Current keratoconus detection methods compared with a neural network approach.

PURPOSE: Four videokeratographic methods for keratoconus detection were compared with a neural network approach.
METHODS: A classification neural network for keratoconus screening was designed to detect the presence of keratoconus (KC) or keratoconus suspects (KCS); a separate cone severity network graded the severity of conelike topography patterns consistent with KC or KCS. Three hundred TMS-1 examinations (Tomey) were randomly divided into training and test sets. Ten topographic indexes were network inputs. Nine categories were used: normal, astigmatism, KC, KCS, contact lens-induced warpage, pellucid marginal degeneration, photorefractive keratectomy, radial keratotomy, and penetrating keratoplasty. KC was subdivided into KC1 (mild), KC2 (moderate), and KC3 (advanced). There were three outputs for the classification network (KC, KCS, and OTHER); target output values of 0 = OTHER, 0.25 = KCS, 0.5 = KC1, 0.75 = KC2, and 1.0 = KC3 were used for the severity network.

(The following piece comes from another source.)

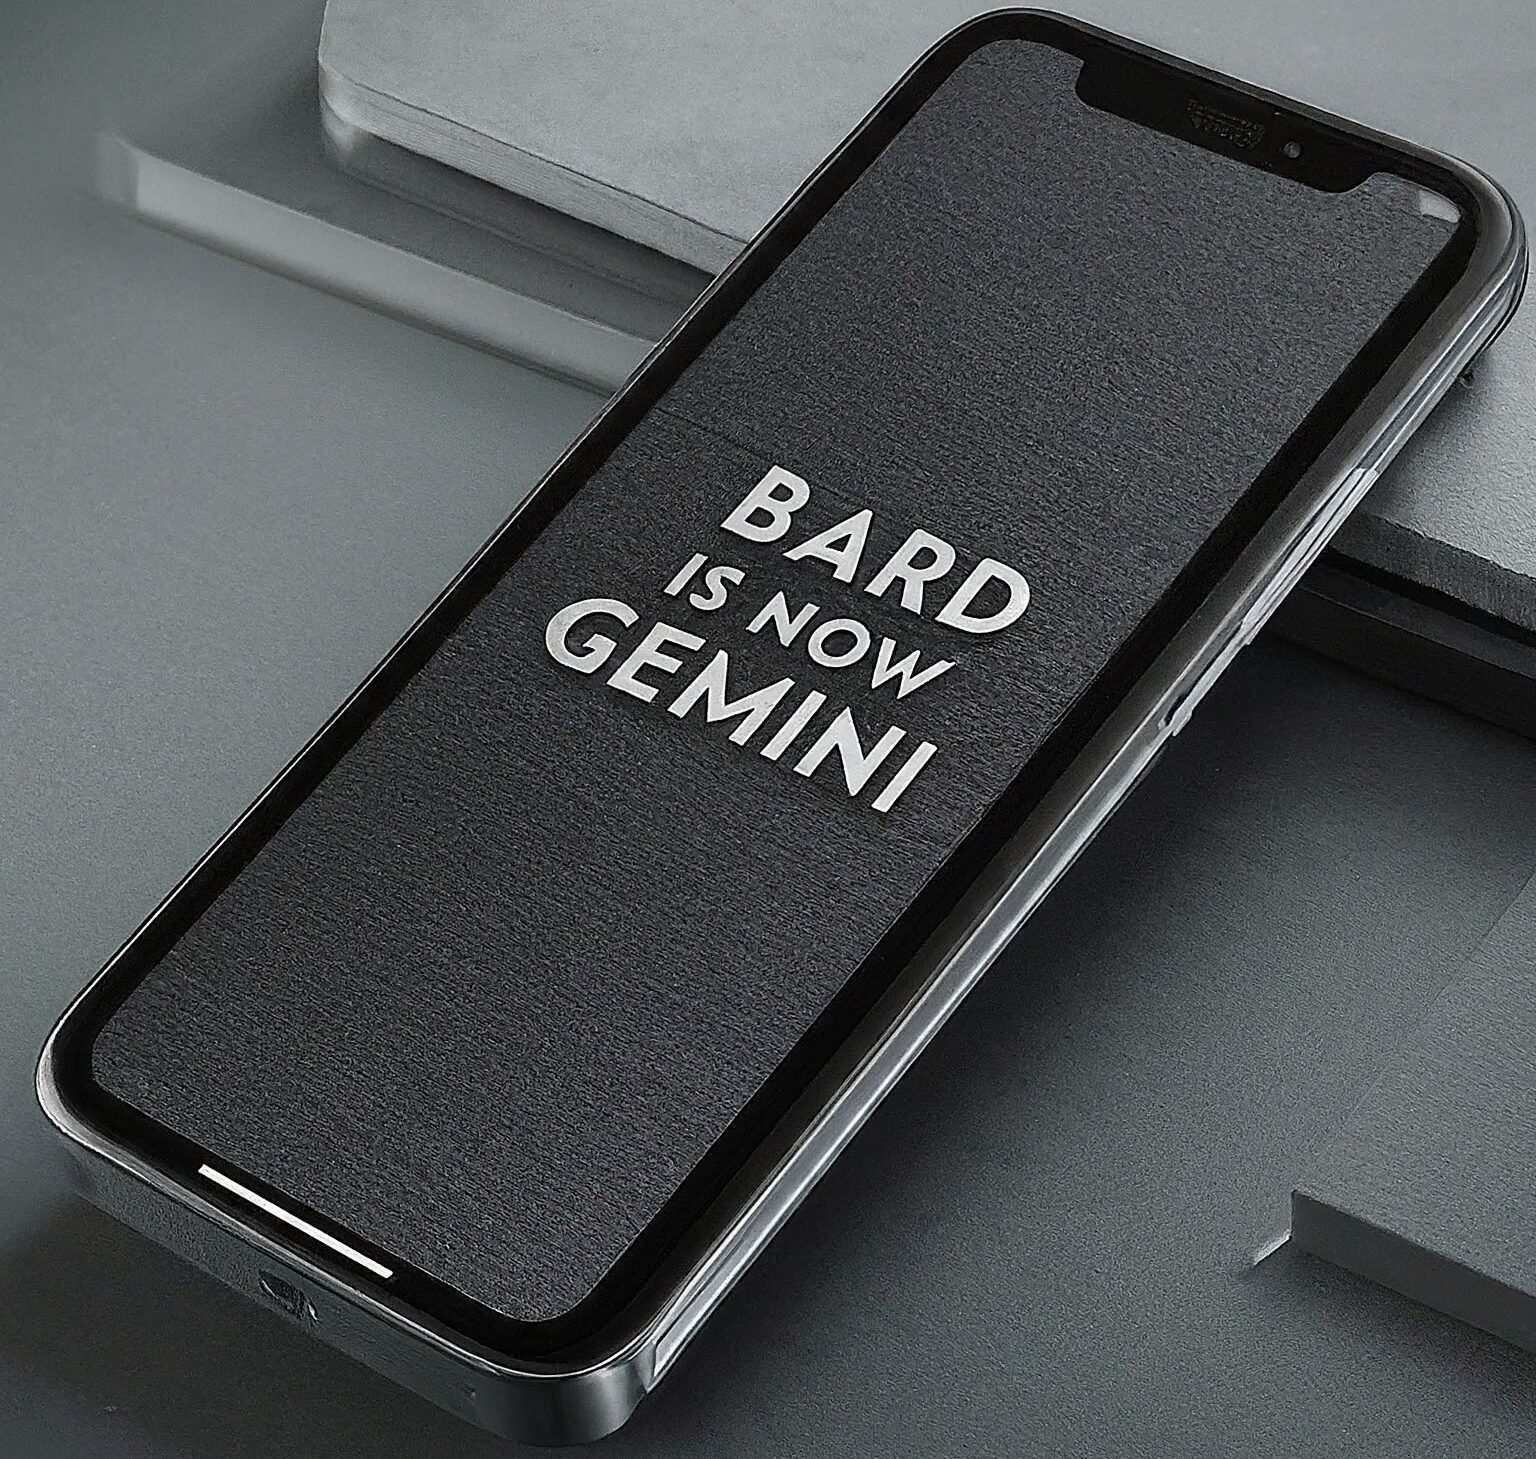 Bard is now gemini is written on mobile phone screen with quesion what is bard google?
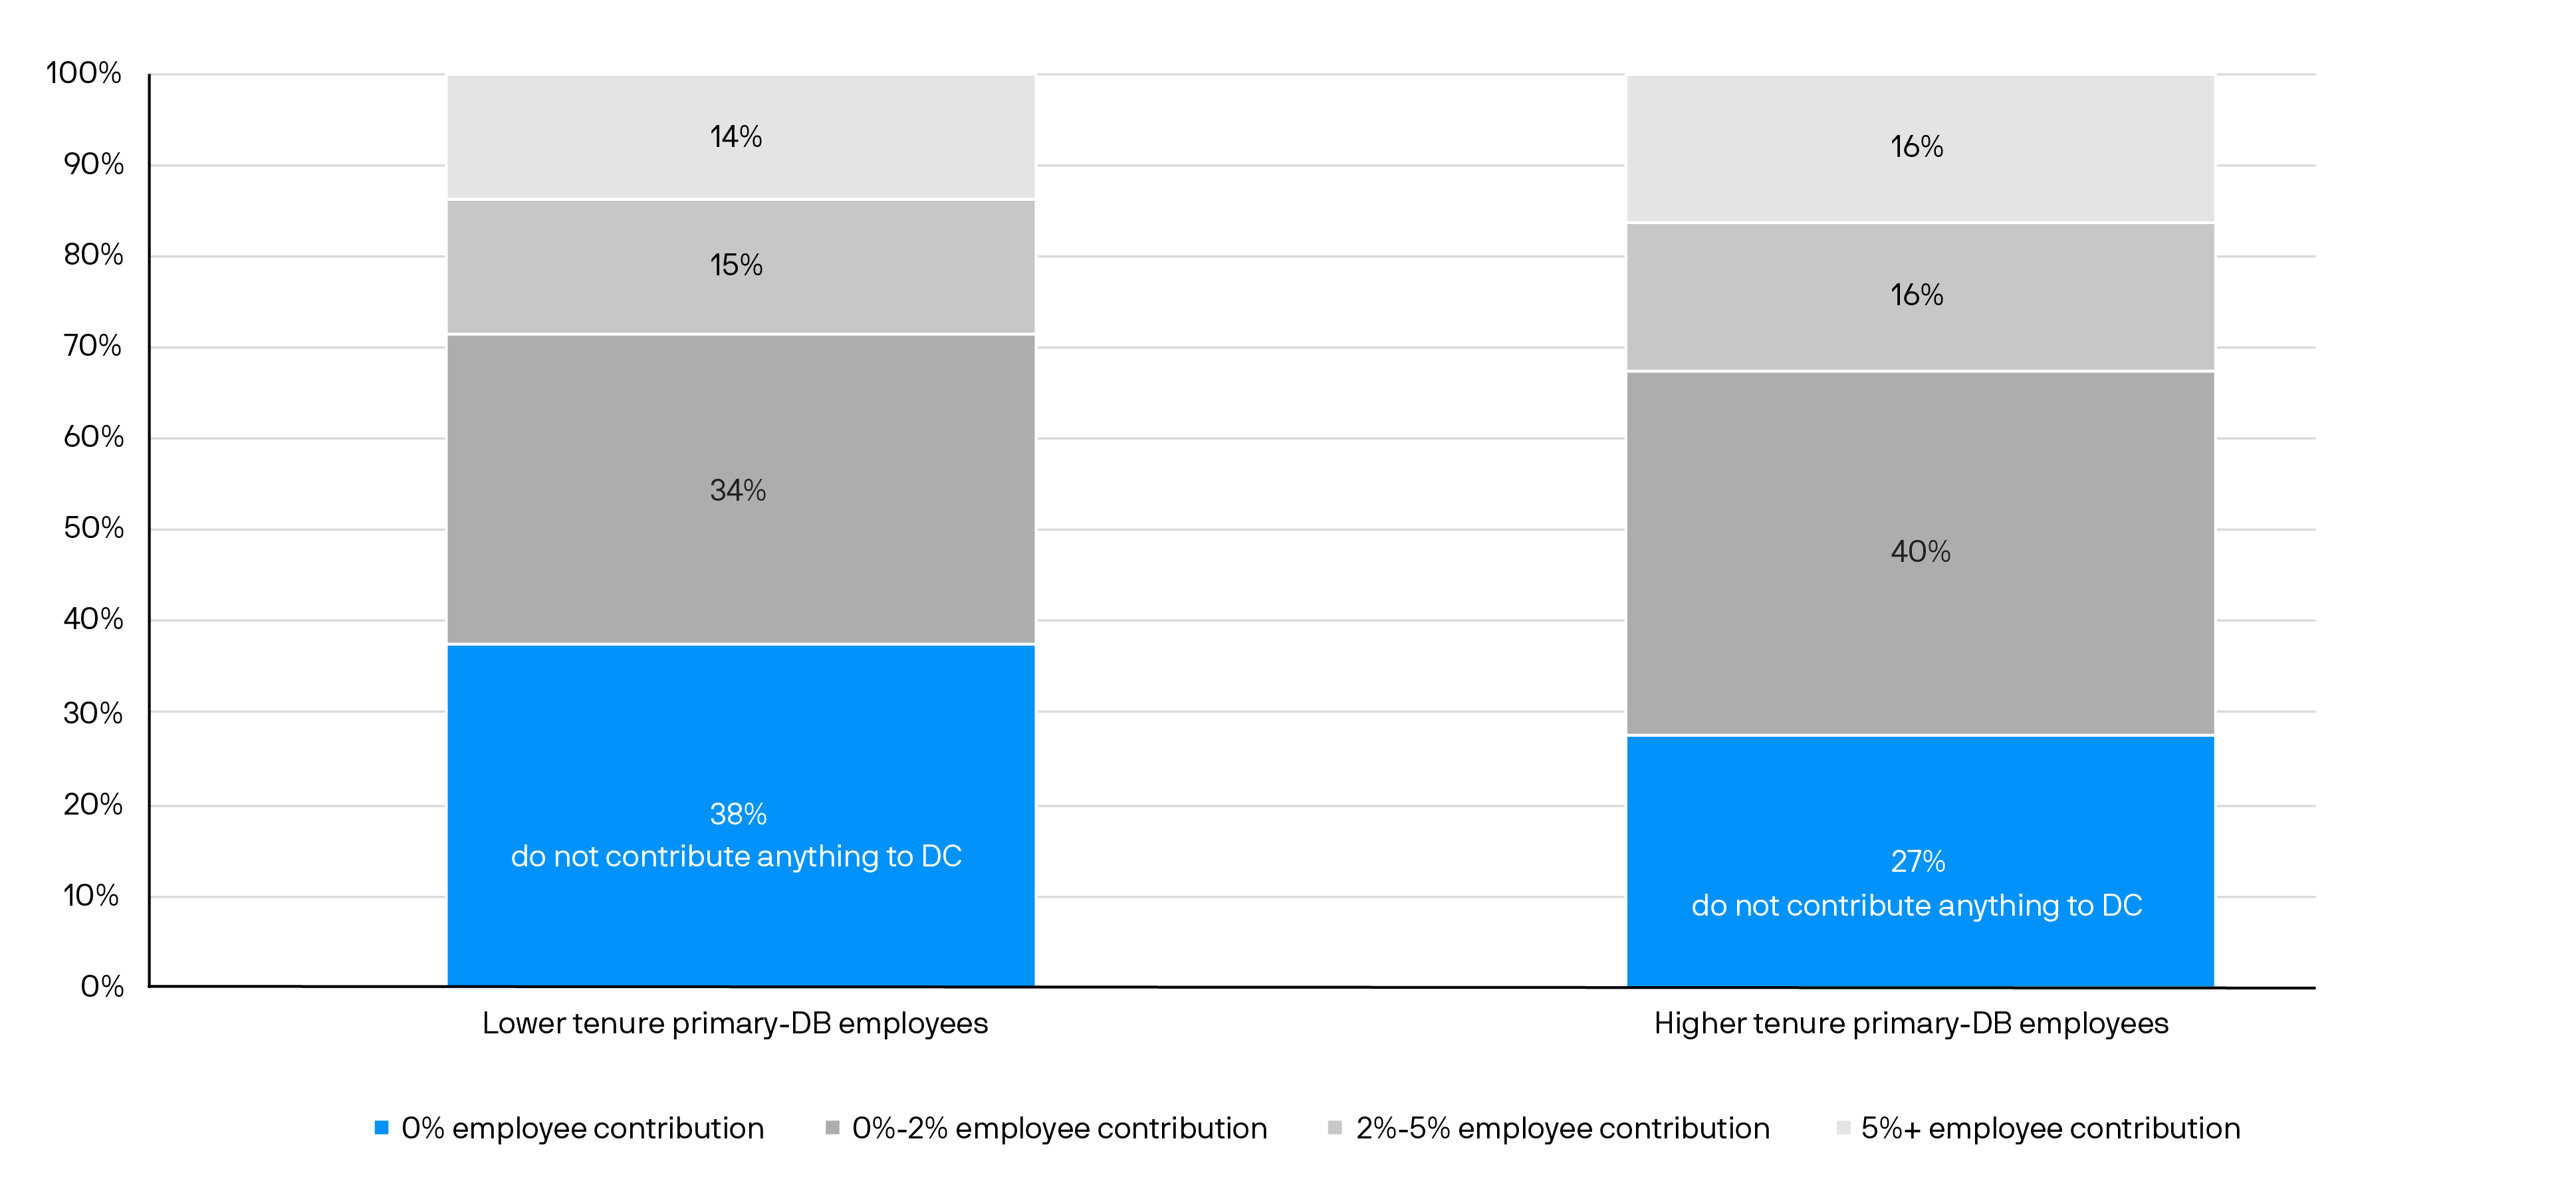 Exhibit 4: This chart shows the distribution of employee contributions as a percentage of income for lower tenure and higher tenure primary-DB populations.

RESULTS: The best-trained classification network had 100% accuracy, specificity, and sensitivity for the test set. The severity network had mean outputs (+/-standard deviation) of OTHER = 0.02+/-0.02, KCS = 0.21+/-0.05, KC1 = 0.52+/-0.17, KC2 = 0.74+/-0.12, and KC3 = 0.91+/-0.15. The severity network output for all categories was well correlated to the keratoconus prediction index (R = 0.892, P < 0.0001). The classification network had an overall accuracy and specificity significantly better (P < or = 0.005) than the Klyce/Maeda keratoconus index (KCI) test, the Rabinowitz test (K & I-S), and simulated keratometry (average Sim K). However, there were no significant differences in keratoconus sensitivity between the classification network, KCI, and K & I-S. The sensitivity and specificity of average Sim K were significantly worse than those of the other tests. The classification network had significantly better sensitivity (P < 0.001) and specificity (P = 0.025) for KCS detection than the K & I-S.
CONCLUSIONS: The neural networks completely distinguished KC from KCS and from topographies that resembled KC. The network approach equaled the sensitivity of currently used tests for keratoconus detection and outperformed them in terms of accuracy and specificity.